Pourtant cela semblait bien parti. « Mieux comprendre le stress au travail et ses impacts », … « Repérer les signaux d’alerte et les risques d’épuisement professionnel», … «Prévenir […] le stress professionnel ». Ce webinar pouvait être parfaitement sain et permettre de mettre des mots sur des maux.

Et puis il dérape : « … Accueillir ses émotions », « … améliorer son bien-être au travail », et finalement « transformer le stress en levier positif ».

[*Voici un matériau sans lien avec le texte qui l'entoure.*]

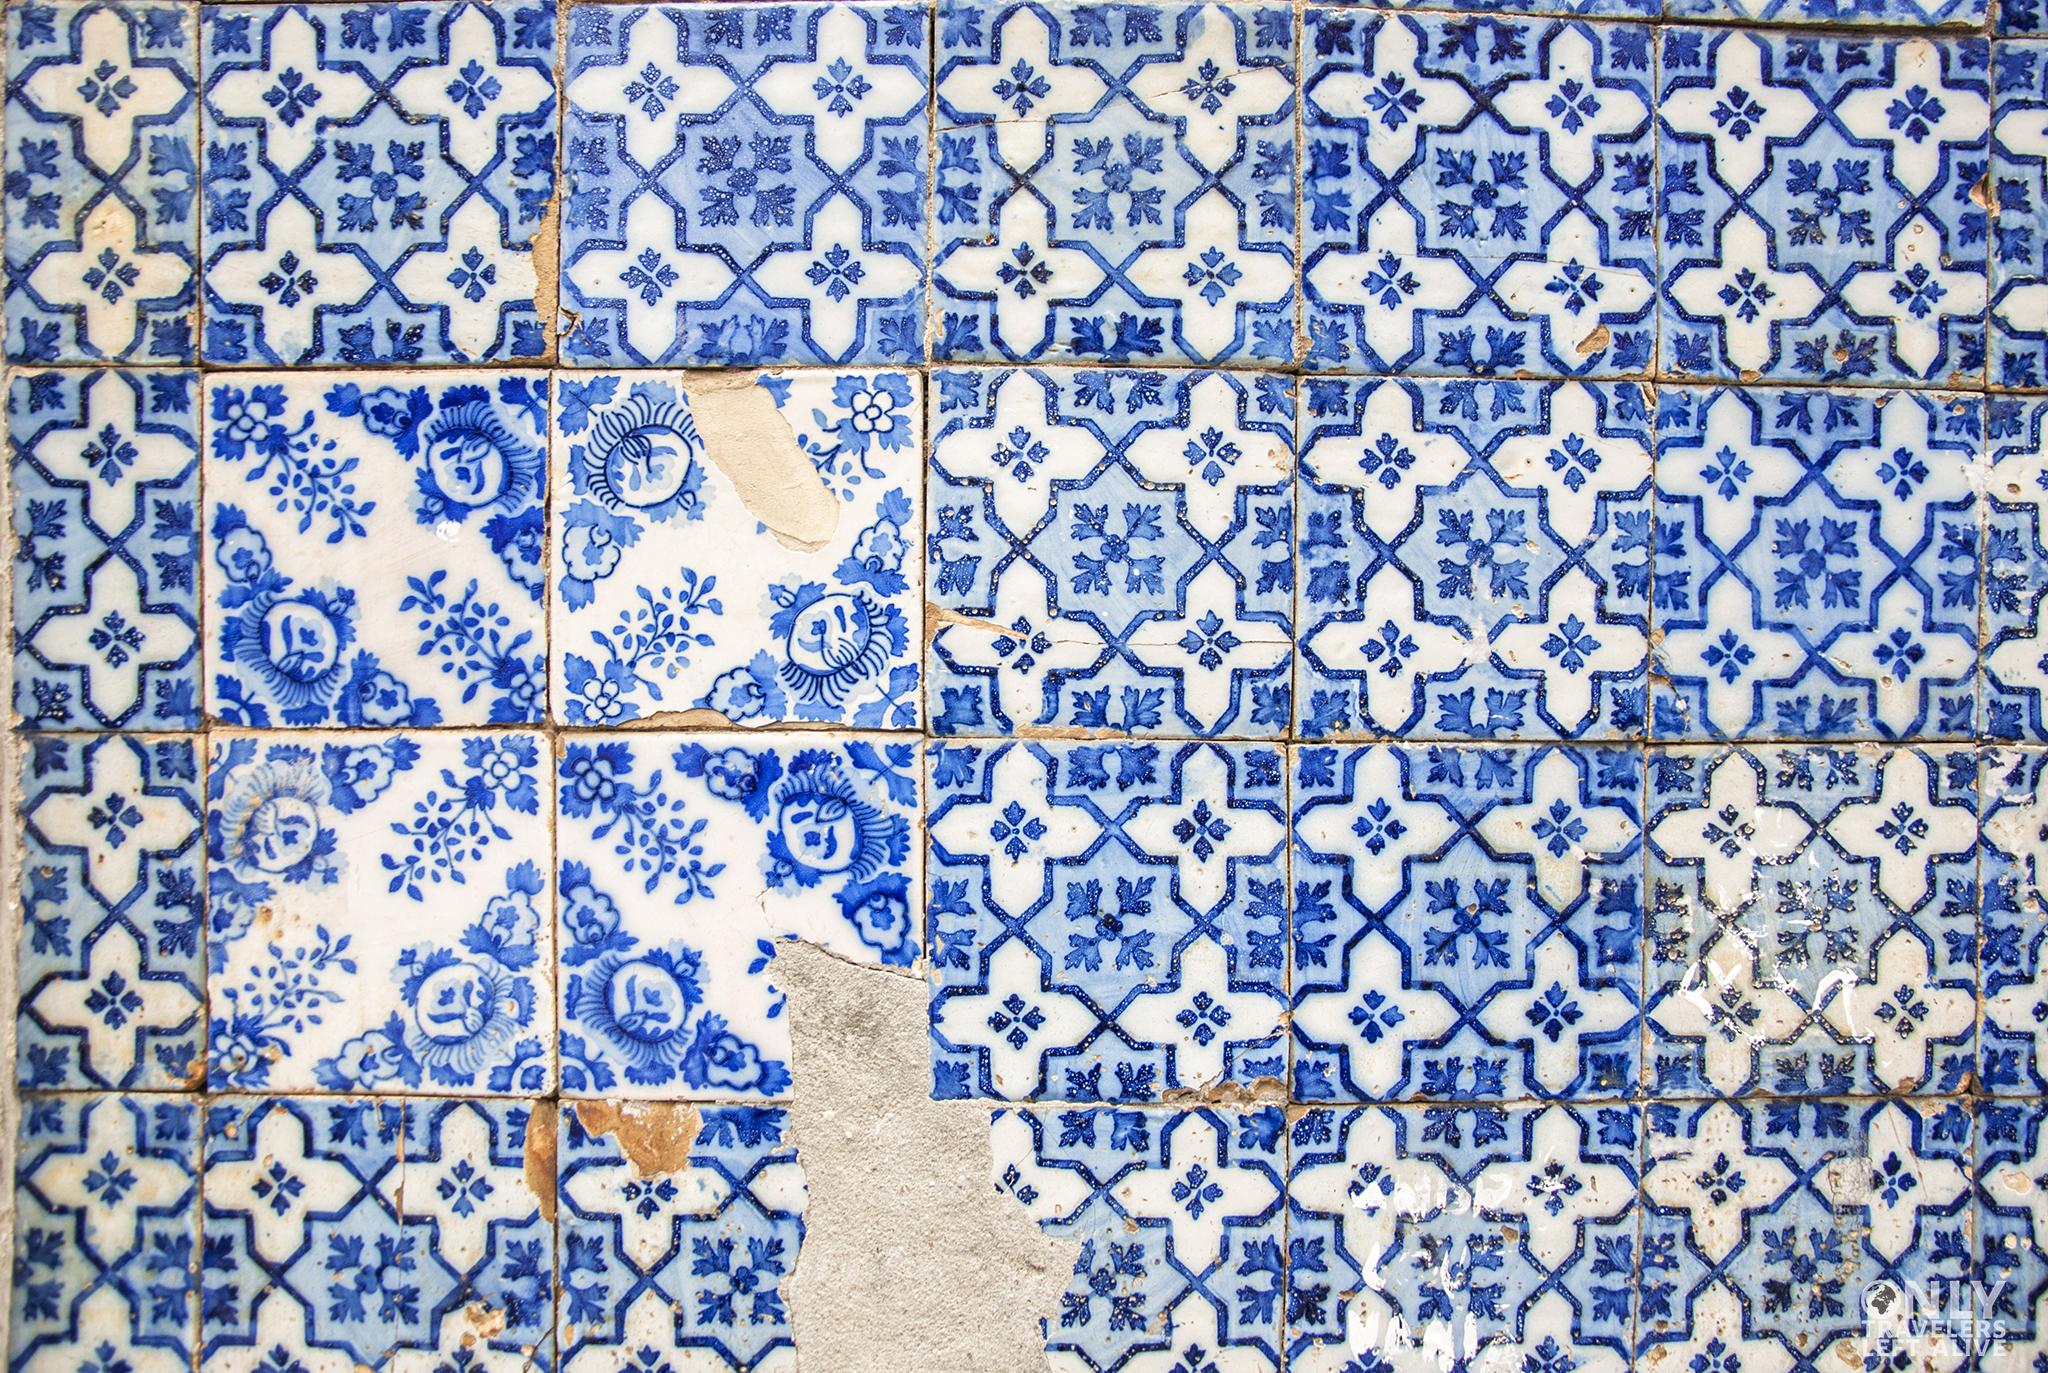 azulejos only travelers left alive

Quand l’esprit libéral de la performance à tout prix s’insinue même dans la santé préventive on en arrive à ce genre d’invraisemblance : l’injonction à normaliser son stress pour en faire une ressource, en niant ce qu’il est réellement pour le ramener à une simple émotion. Ce n’est alors plus un état de santé, mais un ressenti et donc soumis à caution.

« C’est peut-être toi qui te stress tout seul face à cette date de rendu de développement intenable, non ? »  Ce n’est plus l’environnement de travail et l’encadrement qui sont stressants, mais l’individu qui ne sait pas se gérer face aux conditions de travail qui lui sont imposées.

Pas convaincus ? C’est parce que vous n’avez pas suivi la semaine du bien-être au travail en décembre dernier, sinon vous auriez « Breathe, Believe, Balance ». Vous auriez participé, vous seriez peut-être parmi les trois employés ayant gagné le « Mental Wellbeing Challenge ». Vous êtes jaloux ? Un bien mauvais sentiment la jalousie, et les sentiments, on l’a dit, ça fait du mal au bien-être.

Plus sérieusement, dans un contexte de PSE (intra Atos), de monde à la dérive (extra Atos), c’est un discours nuisible qui met encore et encore, envers et contre tout, la recherche de la performance au cœur de toute activité.

Ce que nous disent ces deux initiatives, c’est que le profit et la rentabilité ignorent totalement la santé des salariés : on le savait, mais ça empire ! A la CGT, nous soulignons que les conditions de travail sont essentiellement à la main de l’employeur. Si celles-ci se dégradent, il est de son devoir, légalement, de faire le nécessaire pour garantir la sécurité et la santé des salariés.

On ne peut pas tenir le discours que « sans moi pas de boulot » et fournir ce boulot sans les conditions minimales et correctes pour qu’il soit exercé. Nous réclamons encore et toujours un vrai plan de prévention des Risques Sociaux Psychologiques au sein de la société alors que le précédent est caduc depuis plusieurs années.

En filigrane, l’inacceptable discours est donc que c’est nous, salariés, qui sommes inadaptés aux conditions de travail si elles nous apportent du stress.